Posted: Friday, September 30, 2022
Gallbladder cancer has been found to be associated with a high risk of recurrence and mortality. Thus, Timothy M. Pawlik, MD, PhD, MPH, of The Ohio State University Wexner Medical Center, Columbus, and colleagues used a machine-based learning approach to preoperatively stratify patients into distinct prognostic groups. The results of this analysis were published in the journal HPB.
“Characterizing patient prognosis with machine learning tools may help physicians provide more patient-centered care,” the investigators concluded.
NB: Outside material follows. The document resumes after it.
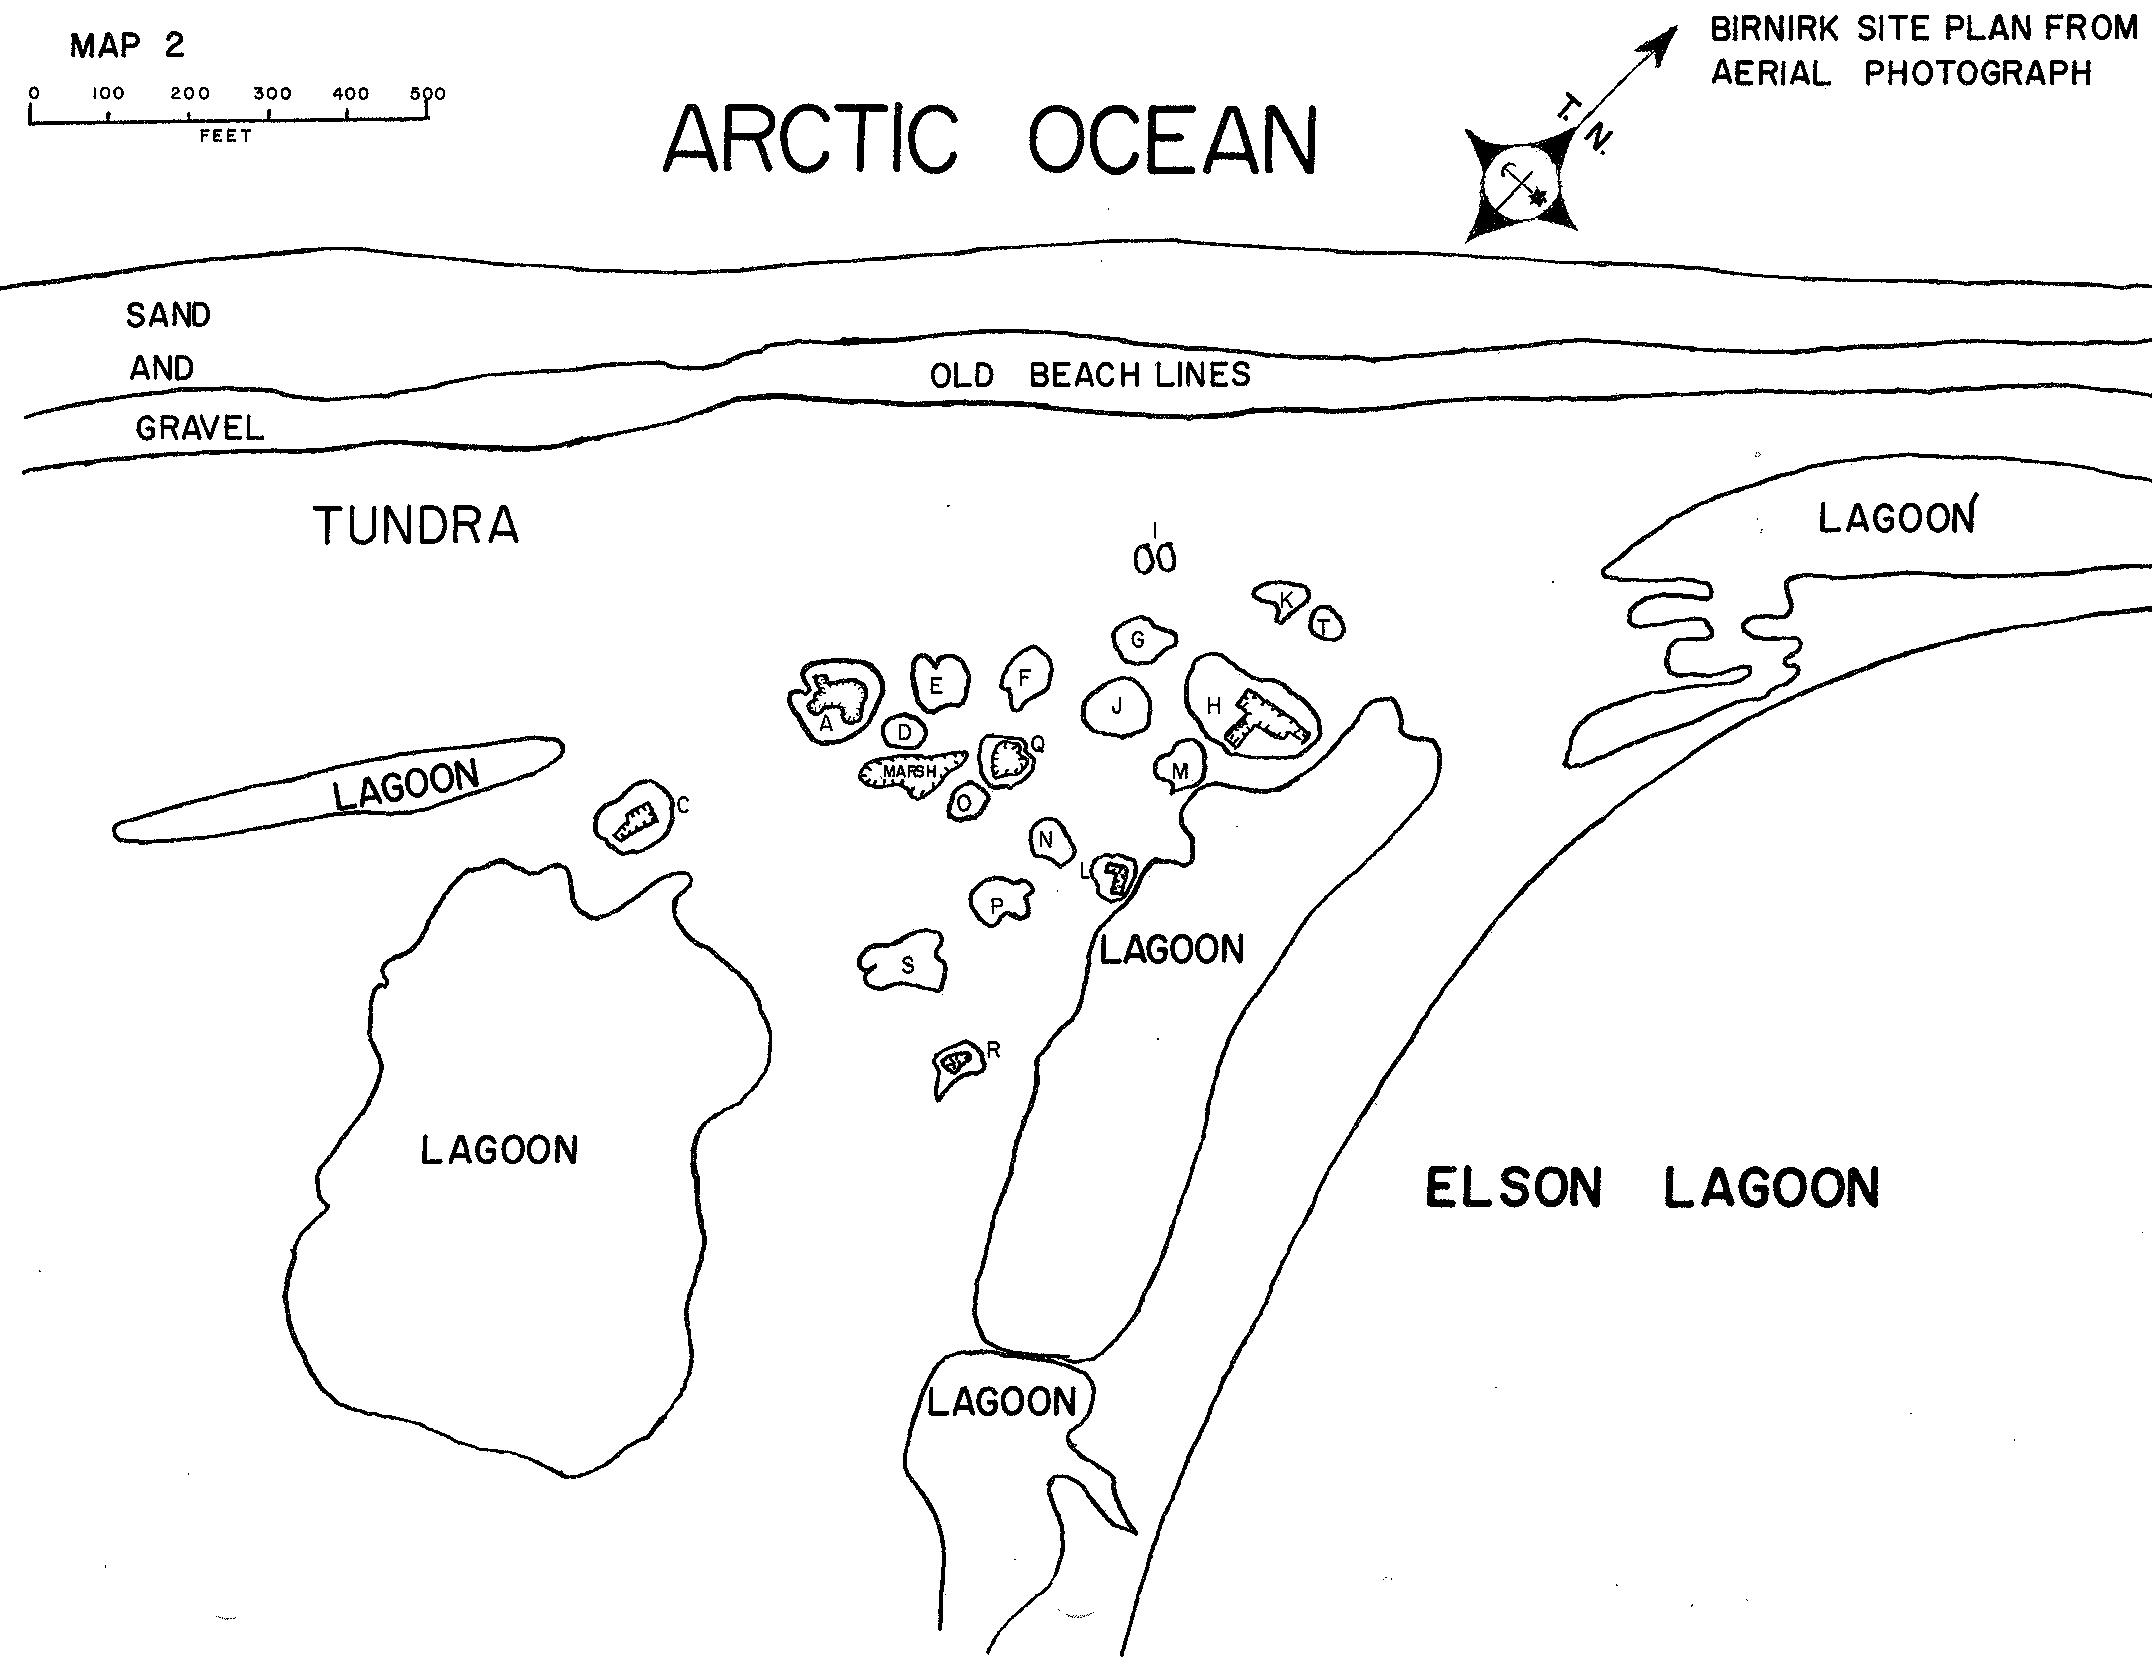 Birnirk Site Plan Map (Carter 1966)

Using a multi-institutional database, the investigators identified patients undergoing curative-intent resection of gallbladder cancer. Based on a classification and regression tree analysis, tumor size, biliary drainage, carbohydrate antigen 19-9 (CA 19-9) levels, and neutrophil-lymphocyte ratio were identified as the factors most strongly associated with overall survival. Approximately two-thirds of patients (66.9%) were female, and 72% were White. In addition, 86.8% of patients had cholecystectomy, with 84.9% having achieved an R0 margin status. Almost all patients (95.9%) had not received neoadjuvant chemotherapy.
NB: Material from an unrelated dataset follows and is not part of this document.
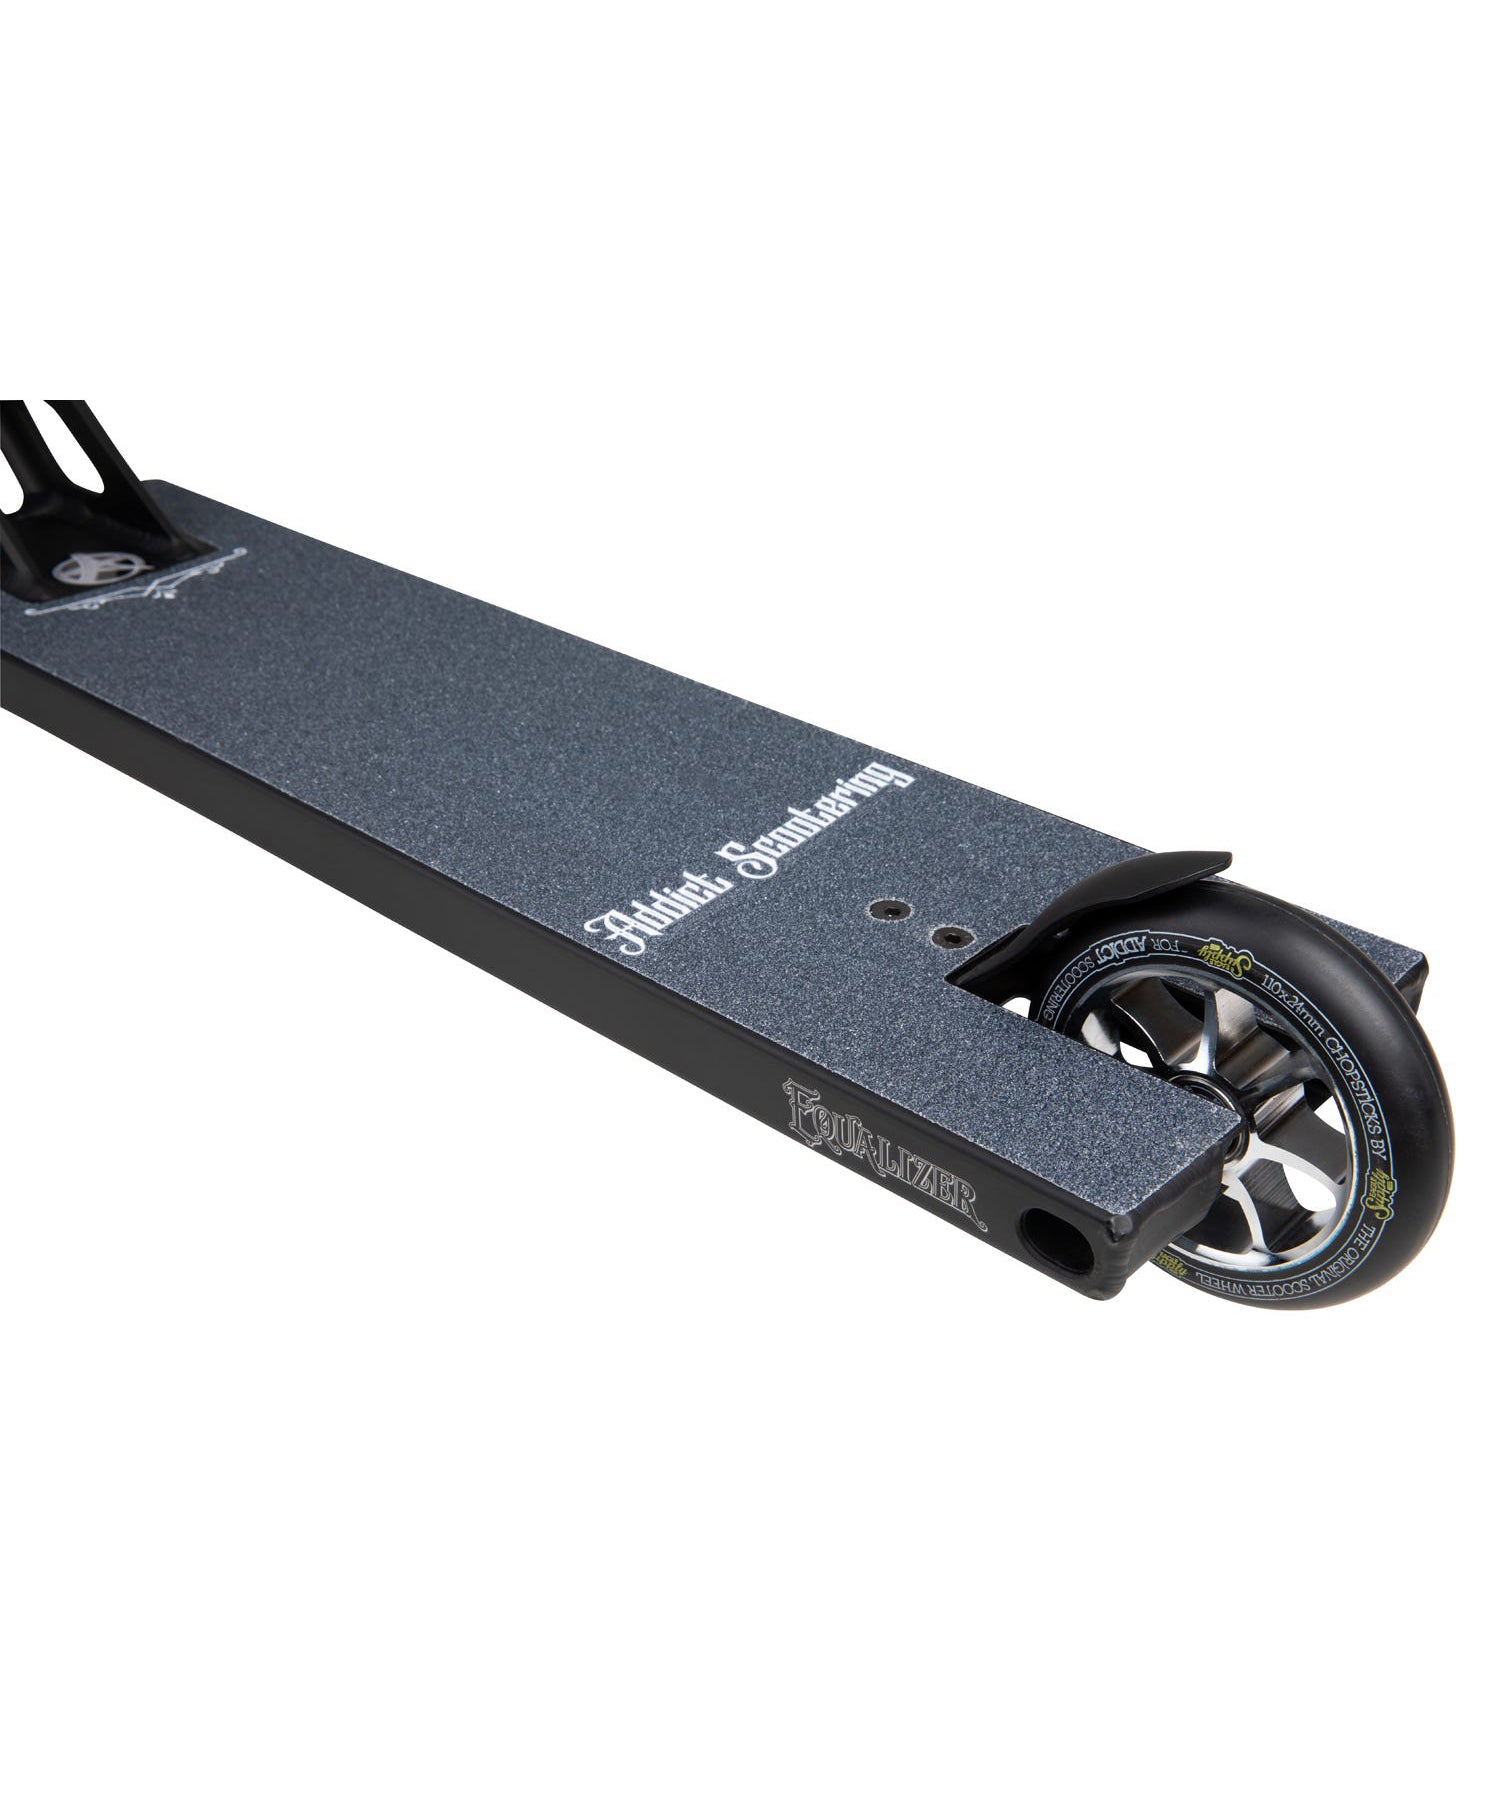 addict-scooter-completo-equalizer-20-color-negro-cromo-profesional-materiales de primera calidad-rígido y robusto.

Machine learning classified patients into four prognostic groups: neutrophil-lymphocyte ratio ≤ 1.5, CA 19-9 level ≤ 20 U/mL, no drainage, and tumor size < 5.0 cm (group 1; n = 109); neutrophil-lymphocyte ratio > 1.5, CA 19-9 level ≤ 20 U/mL, no drainage, and tumor size < 5.0 cm (group 2; n = 88); CA 19-9 level > 20 U/mL, no drainage, and tumor size < 5.0 cm (group 3; n = 46); tumor size < 5.0 cm with drainage or tumor size ≥ 5.0 cm (group 4; n = 77). The median duration of overall survival decreased incrementally with classification and regression tree group designation (59.5, 27.6, 20.6, and 12.1 months, respectively; P < .0001).
“The use of artificial intelligence and machine learning to develop risk stratification models may help identify high-risk patients who may benefit the most from neoadjuvant and adjuvant chemotherapy,” the study authors concluded.
Disclosure: For full disclosures of the study authors, visit hpbonline.org.